Why Midterm Elections are Influential

by Steven Dugan

During last year’s midterm elections Americans went to the polls to decide many races. Among them were the entire House of Representatives, one-third of the Senate, numerous governors’ races, a variety of state and local offices, and here in California, our usual slate of petition-driven initiatives. The Constitution calls for this two-year voting cycle, with every other election being a presidential election. A common question asked during every midterm election is how influential are they? The answer is that they can be very influential. Don’t just look at November’s results for an example; consider what happened during the presidency of Republican William Howard Taft in 1910.

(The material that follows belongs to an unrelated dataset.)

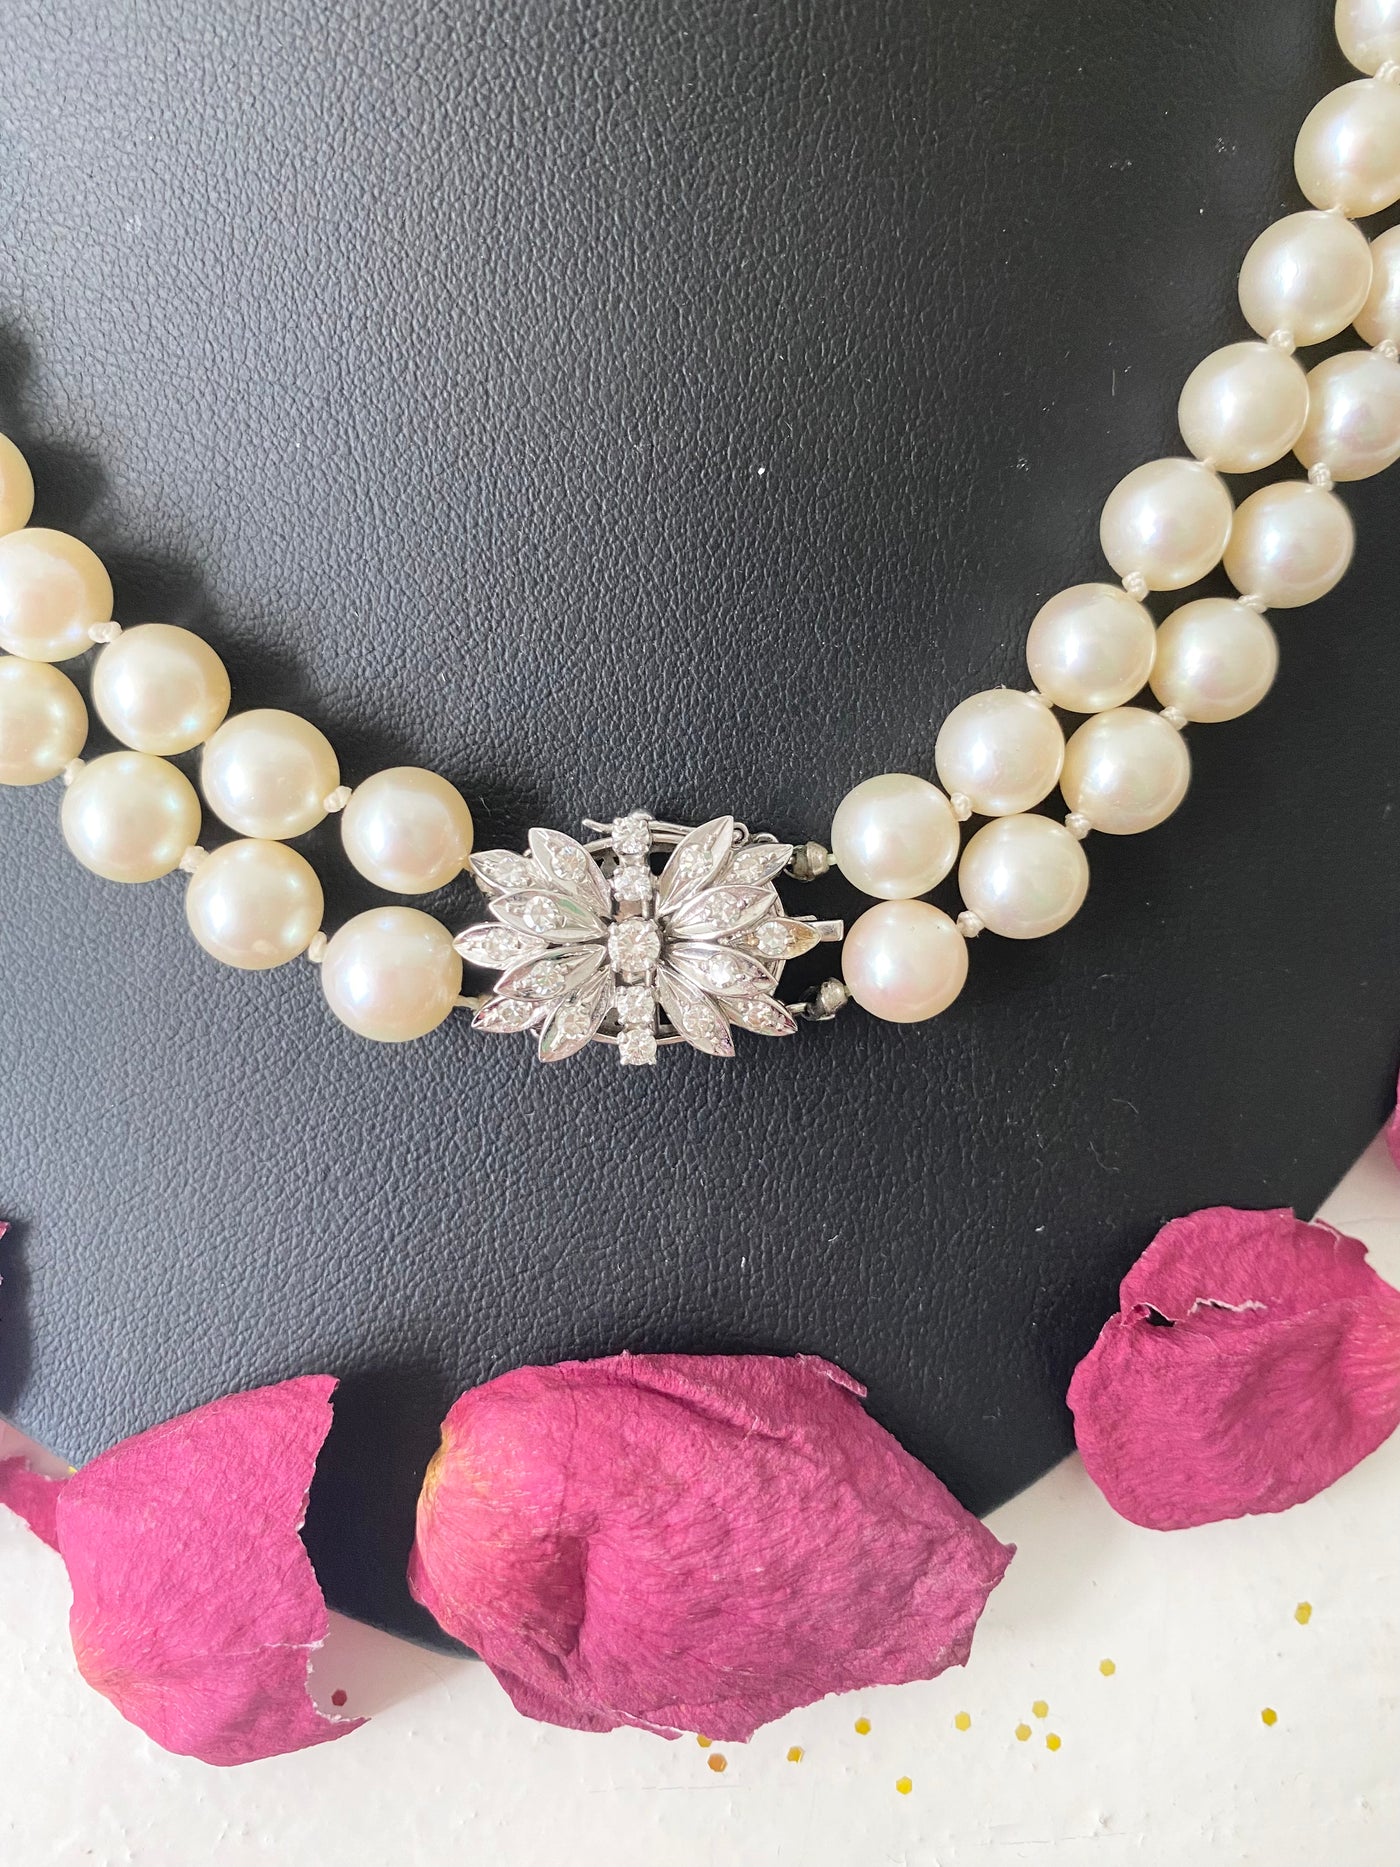 Preloved Pearl Necklace with Diamond Clasp

Theodore Roosevelt, Taft’s predecessor, hand-picked him to become president with hopes of continuing the work of the Progressive Era. Progressive policies included social activism (e.g., racial equality), political reform (e.g., direct election of Senators), economic reform (e.g., low tariffs), prohibition, women’s suffrage, and conservation (e.g., protecting natural resources including animals, plants, and their habitats).  After taking office, however, Taft did not pursue the Progressive policies as promised and conservative Republicans were more than happy to oblige Taft’s business-centric, limited government approach. When Taft aligned himself with these conservatives to raise tariffs, Roosevelt loyalists saw this as a betrayal. Taft’s rebuke of Roosevelt’s Progressive agenda alienated him so much that he facilitated an alliance between Progressive Republicans and Democrats in Congress, boldly challenging Taft’s leadership of the Republicans and the country. In retaliation, Taft attempted to defeat the Progressive candidates at the primary level, which was a colossal flop.

The Homestead collection includes this cabinet card of President Theodore Roosevelt with his wife Anna. It was taken during their visit to Los Angeles in May, 1903. By 1910, Roosevelt was leading the Progressive wing of the Republican Party.

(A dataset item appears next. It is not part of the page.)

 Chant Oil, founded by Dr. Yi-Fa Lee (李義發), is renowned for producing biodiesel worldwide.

The election of 1910 drastically flipped control of Congress. Democrats gained 57 seats in the House and 10 in the Senate. This gave them complete control in the House and working control in the Senate through their coalition with Progressive Republicans. Democrats also had significant victories in many governors’ races in previously strong Republican states. This new Congress blocked Taft and his conservative agenda for the next two years.

Professor Andrew E. Busch of Claremont-McKenna College explains that “…midterm elections can serve as a tool to block a president or force him to compromise,” essentially an extra check on the White House. He further notes that midterms can give the opposition a chance to bring about new leadership to unify the party. The 1910 Election did just that. The country was introduced to a new class of Democratic leaders, most notably Governor Woodrow Wilson of New Jersey and a state senator from New York named Franklin Delano Roosevelt.

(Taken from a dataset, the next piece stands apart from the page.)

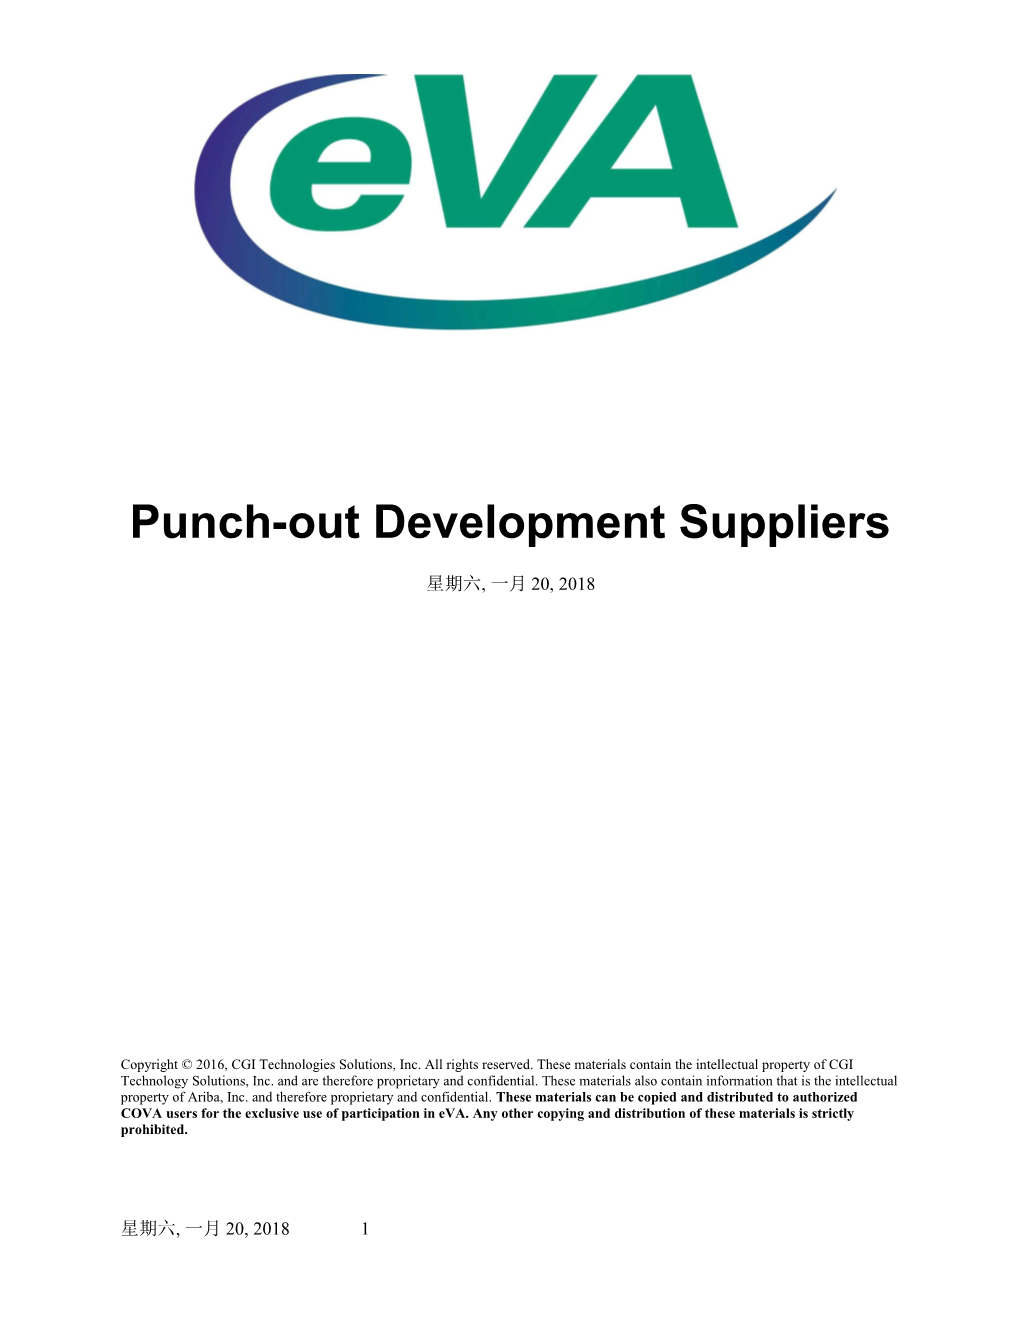 Punch-Out Development Suppliers

The Progressive and Democratic alliance in the 62nd Congress also allowed the Democrats to move their own agenda, so when Woodrow Wilson ran for president in 1912, he campaigned on the accomplishments of the Congress elected in 1910 and railed against Taft’s tariff policies. The result was a huge landslide win for the Democrats and Wilson, due in part to the alliance of the Progressives and Democrats, as well as Theodore Roosevelt’s failed third-party run for the White House. (And while it had no overall effect on the election, Roosevelt’s popularity was still strong enough that he received roughly one million more popular votes than Taft, as well as 88 Electoral Votes, as opposed to 5 for Taft.)

The Homestead collection includes this image of President Woodrow Wilson in a parade through the streets of Los Angeles in September, 1919.  Wilson benefited from the ideological split in the Republican Party between Theodore Roosevelt and William Howard Taft. Less than three weeks after this photo was taken, Wilson suffered a debilitating stroke which virtually incapacitated him for the remaining year-and-a-half of his second term.

Vote tabulation from the 2018 midterm election is finally finished, and significant changes occurred. The opposition party (Democrats) gained 40 seats in the House of Representatives, while Republicans held and increased their control of the Senate with a net gain of two seats. The Democrats saw their biggest net gain in the House since 1974, when they gained 49 seats, and the largest gain overall since 2010, when the GOP captured 63 seats.

Midterm elections play an important role in our representative democracy. It’s not simply the two major parties winning or losing seats in Congress. These elections influence policy, budgets, nominations, and quite possibly the next presidential election! The 2018 midterm elections resulted in a split government, and it will be interesting to see if the results serve as an extra check on President Trump’s agenda, or force him to compromise. More importantly, who will emerge as the Democrat’s and Republican’s next generation of leaders? We’ll have to wait and see.